When the block is on the point of sliding down the plane, the force parallel to the incline just balances the component of the weight acting down the incline. This condition is given by:

F = (m * g * sinθ)

where F is the force parallel to the incline, m is the mass of the block, g is the acceleration due to gravity, and θ is the angle of inclination.

So, in this case, F = 2X N and θ = 30°, and the equation becomes:

2X = (11 * 9.8 * sin30)

Simplifying,

2X = (11 * 9.8 * 0.5)
2X = 53.9

Now, let's find the second equation for when the block is on the point of sliding up the plane.

When the block is on the point of sliding up the plane, the force parallel to the incline just balances the component of the weight acting down the incline.
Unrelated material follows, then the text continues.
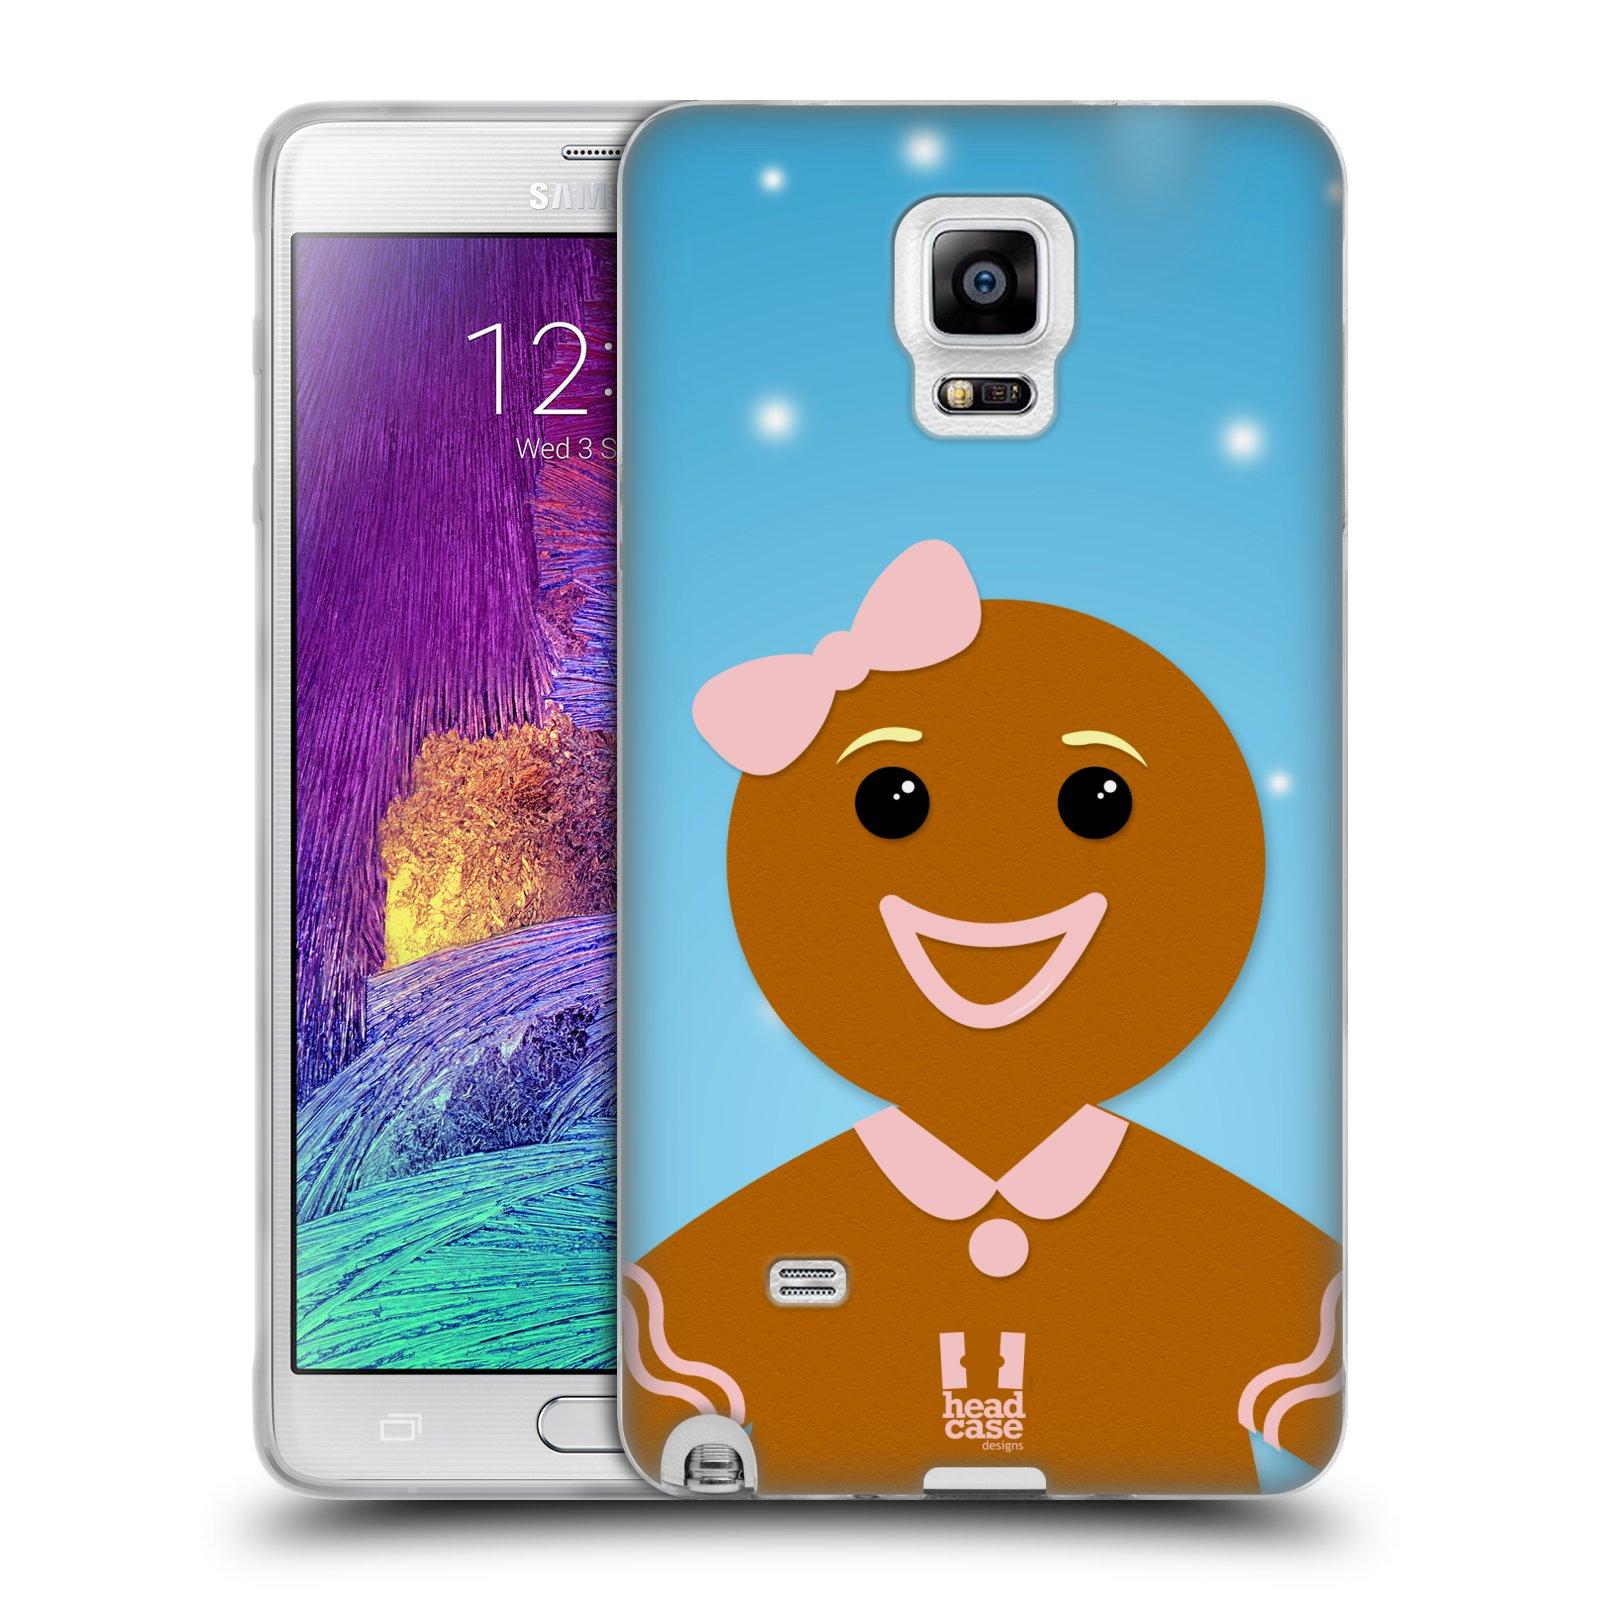 Silikonové pouzdro na mobil Samsung Galaxy Note 4 HEAD CASE VÁNOCE PERNÍČEK (Silikonový kryt či obal na mobilní telefon Samsung Galaxy Note 4 SM-N910F)
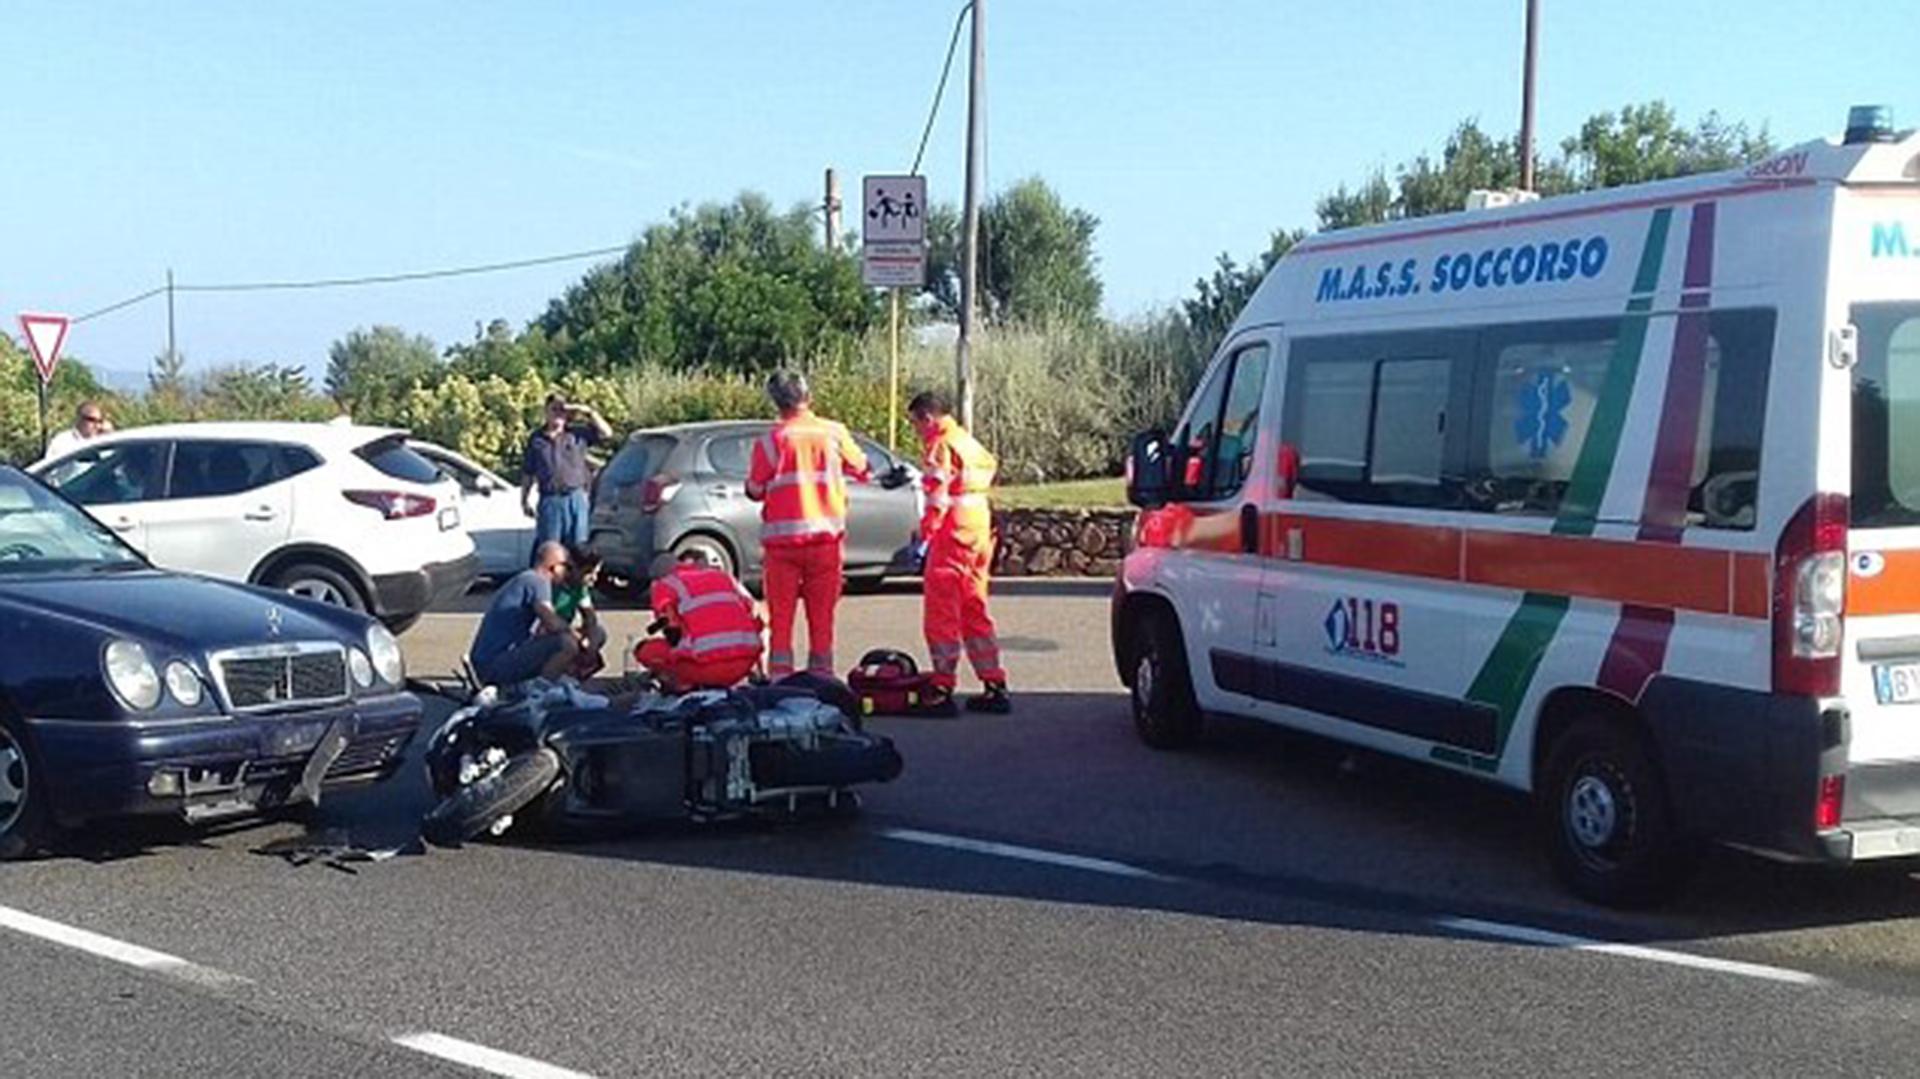 Una unidad de emergencias aguarda para trasladarlo al hospital Juan Pablo II de Cerdeña

This condition is given by:

F = (m * g * sinθ)

So, in this case, F = 9X N and θ = 30°, and the equation becomes:

9X = (11 * 9.8 * sin30)

Simplifying,

9X = (11 * 9.8 * 0.5)
9X = 53.9

Now we have two equations:

2X = 53.9
9X = 53.9

To find the value of X, we can solve these two equations simultaneously.

Dividing the first equation by 2 and the second equation by 9:

X = 26.95
X = 5.99

Since we're looking for the value of X, we choose the smaller value.

Therefore, the value of X is approximately 5.99.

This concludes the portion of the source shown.